--- Data ---
┌──

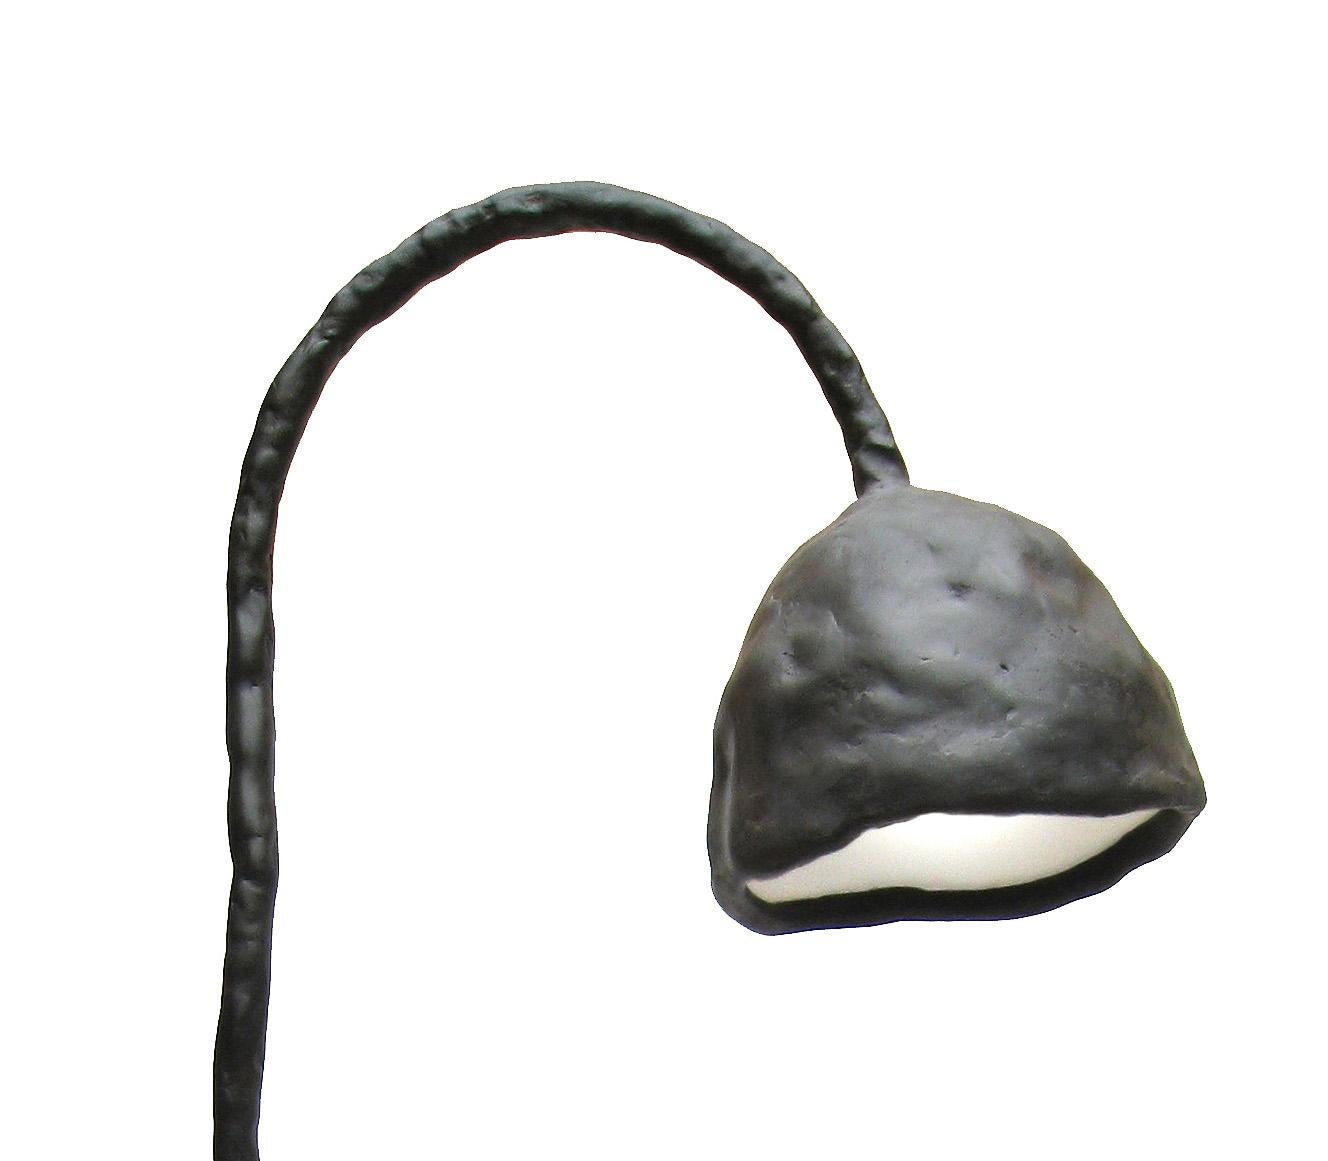 Ce lampadaire est issu de la collection Plain Clay de Maarten Baas. Cette collection a été développée à l'origine pour le restaurant Mendini du Musée Groninger.

Contrairement aux séries en argile, les pièces en argile unie ne nécessitent pas de
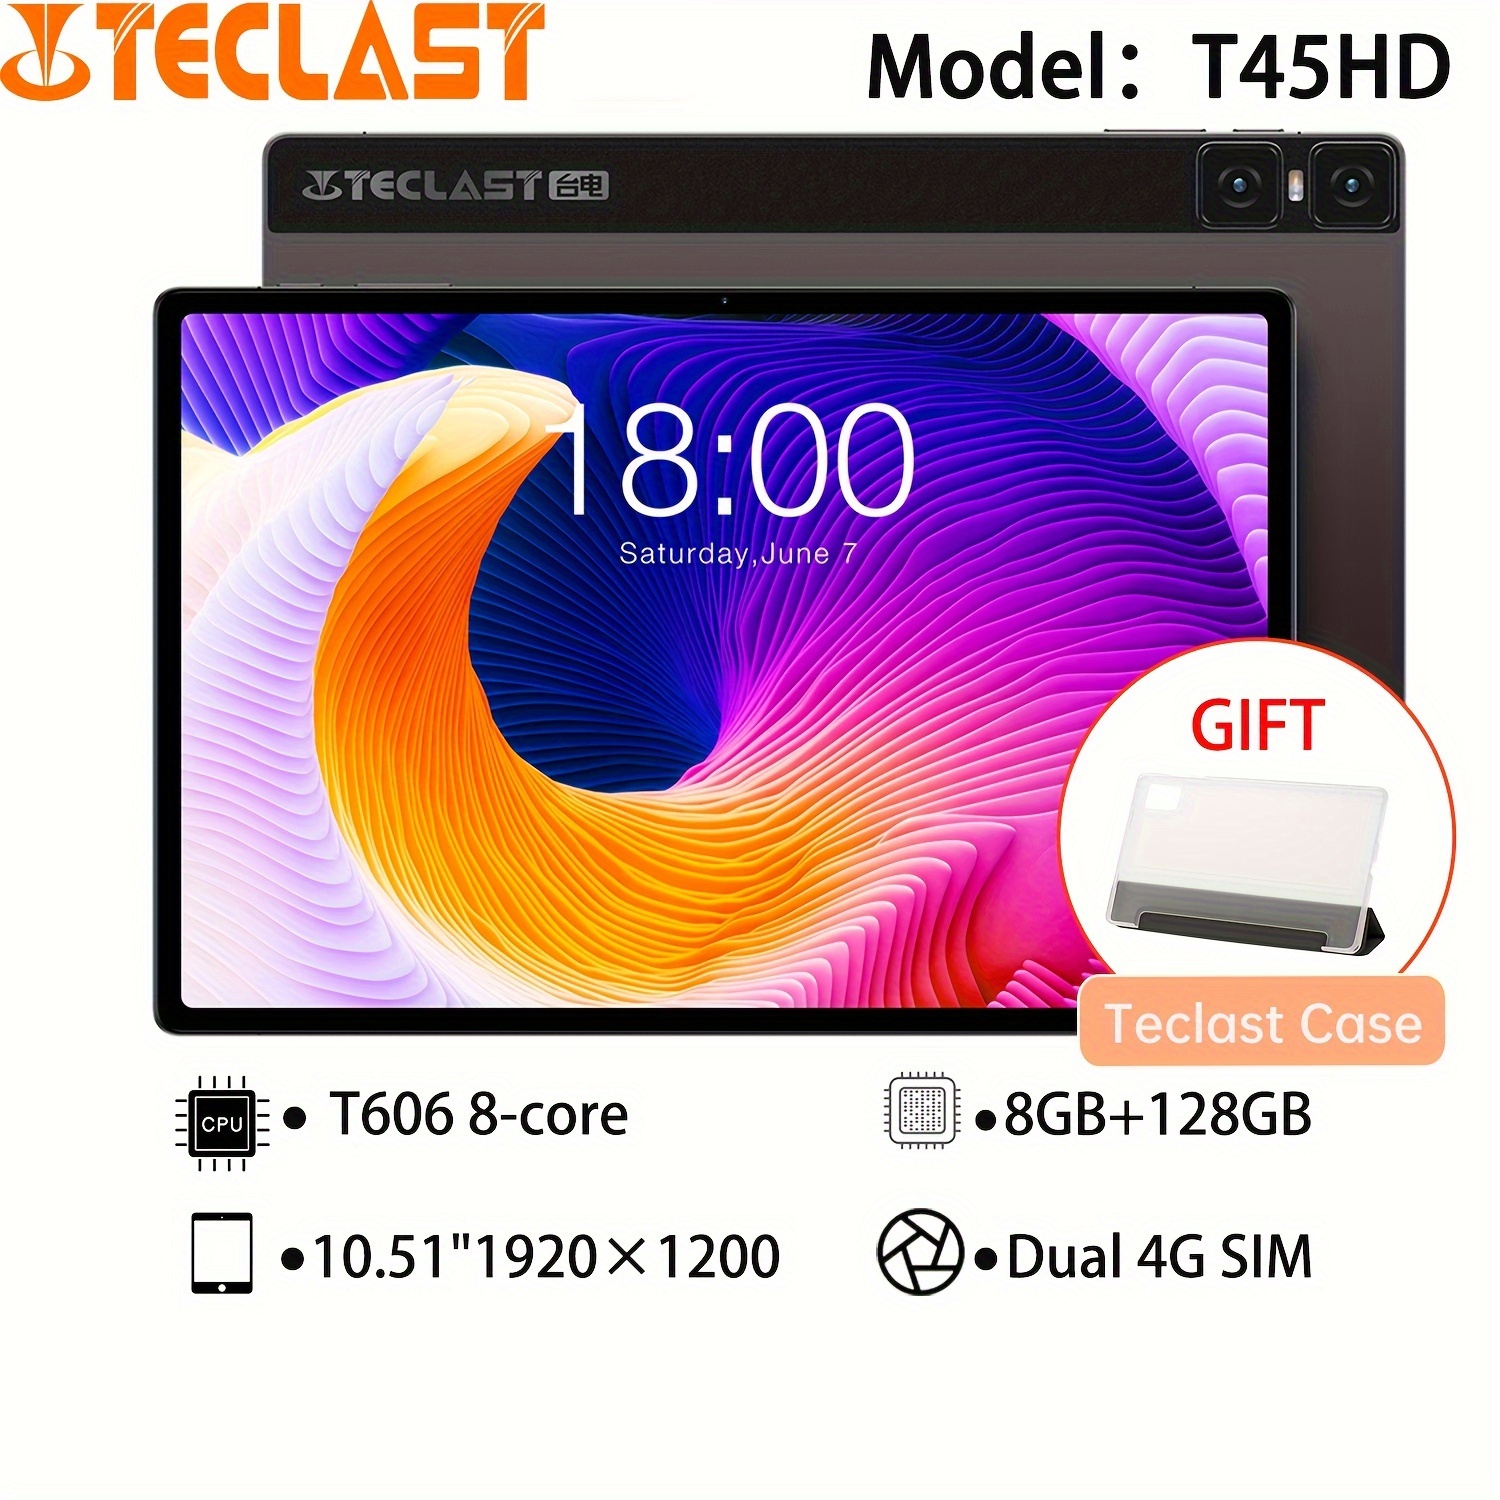 Tablette Teclast P40hd 2023 (unisoc T606 8-core /16 Go (8 Go + 8

└──

--- Exercise brief ---
Take the lines from the one that contains "Contrairement aux séries" through the last line of the material above and reproduce them exactly, leaving out any pictures.

--- Answer to the problem ---
Contrairement aux séries en argile, les pièces en argile unie ne nécessitent pas de
 Tablette Teclast P40hd 2023 (unisoc T606 8-core /16 Go (8 Go + 8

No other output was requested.